User-Agent: http.rb/0.9.9
Host: stream.twitter.com
Via: 1.1 precision (squid/4.10)
X-Forwarded-For: 127.0.0.1
Cache-Control: max-age=0
Connection: keep-alive

----------

the only difference seems to be Content-Length: 0 and sending a full URL: POST https://stream.twitter.com/1.1/statuses/filter.json?track=xxx HTTP/1.1

kares commented 4 years ago

:green_salad: confirmed, patching HTTP to send full URIs via proxy seems to resolve the issue: (note that to connect to twitter's streaming API we're using https://)

::HTTP::Request.class_eval do
  def headline
    request_uri =
        if using_proxy? #&& !uri.https?
          uri.omit(:fragment)
        else
          uri.request_uri
        end

    "#{verb.to_s.upcase} #{request_uri} HTTP/#{version}"
  end
end

... the patch essentially undoes: https://github.com/httprb/http/pull/333 (which has been shipped since http.rb 2.0.0)

kares commented 4 years ago

to recap, this is a (squid) proxy issue (https://github.com/httprb/http/pull/333 seems legit), still, annoying that things got broken with various proxies out there in the 6.x/7.0 line ...

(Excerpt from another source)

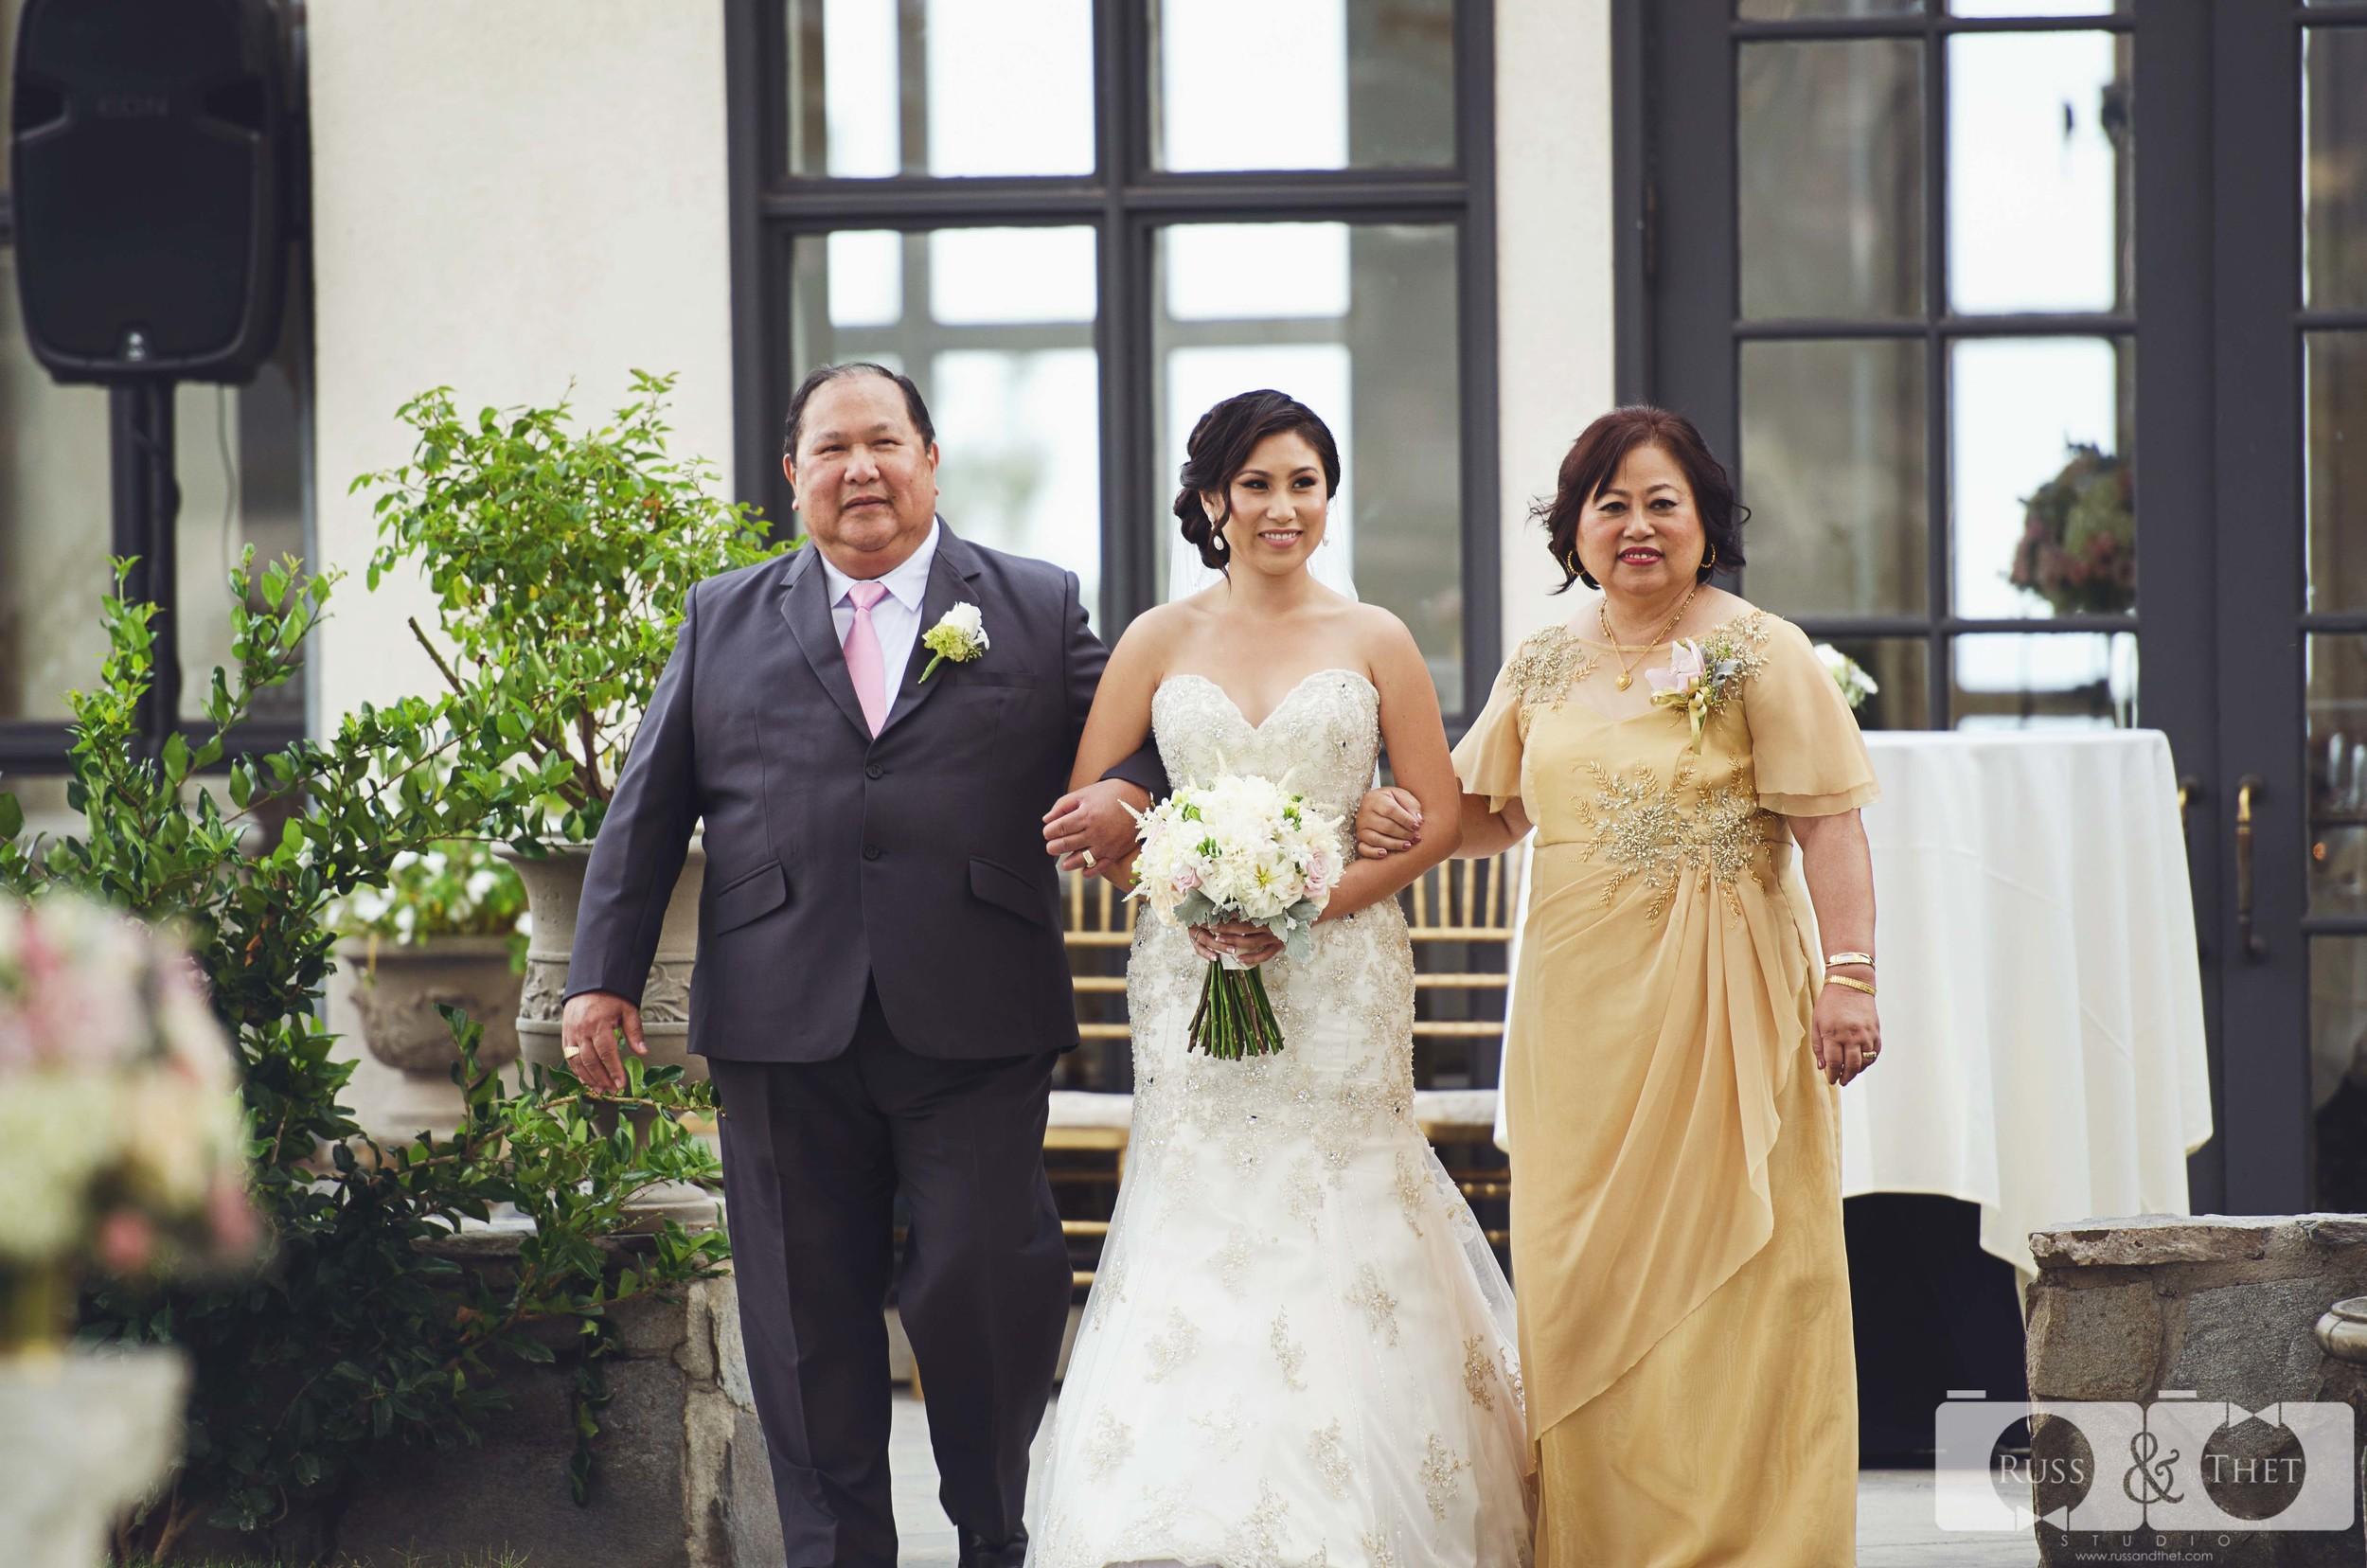 summit-house-fullerton-wedding-photographer-7.JPG

cmirnow commented 3 years ago

Working through a proxy, I get an error: cannot interpret as DNS name: nil (gem 'twitter' 7.0.0). Reproduce:

 def twi_sclient(t)
    Twitter::Streaming::Client.new config(t)
  end

  def config(t)
    {
      consumer_key: t.key,
      consumer_secret: t.secret,
      access_token: t.token,
      access_token_secret: t.token_secret,
      proxy: proxy(t)
    }
  end

  def proxy(t)
      {
        host: t.host,
        port: t.port,
        username: t.username,
        password: t.password
      }
  end

[ActiveJob] [RetweetsJob] [d564b4c5-6f04-4191-bd69-bba02a4965e0] Error performing RetweetsJob (Job ID: d564b4c5-6f04-4191-bd69-bba02a4965e0) from Async(default) in 15.55ms: ArgumentError (cannot interpret as DNS name: nil)

Any ideas? Thank you.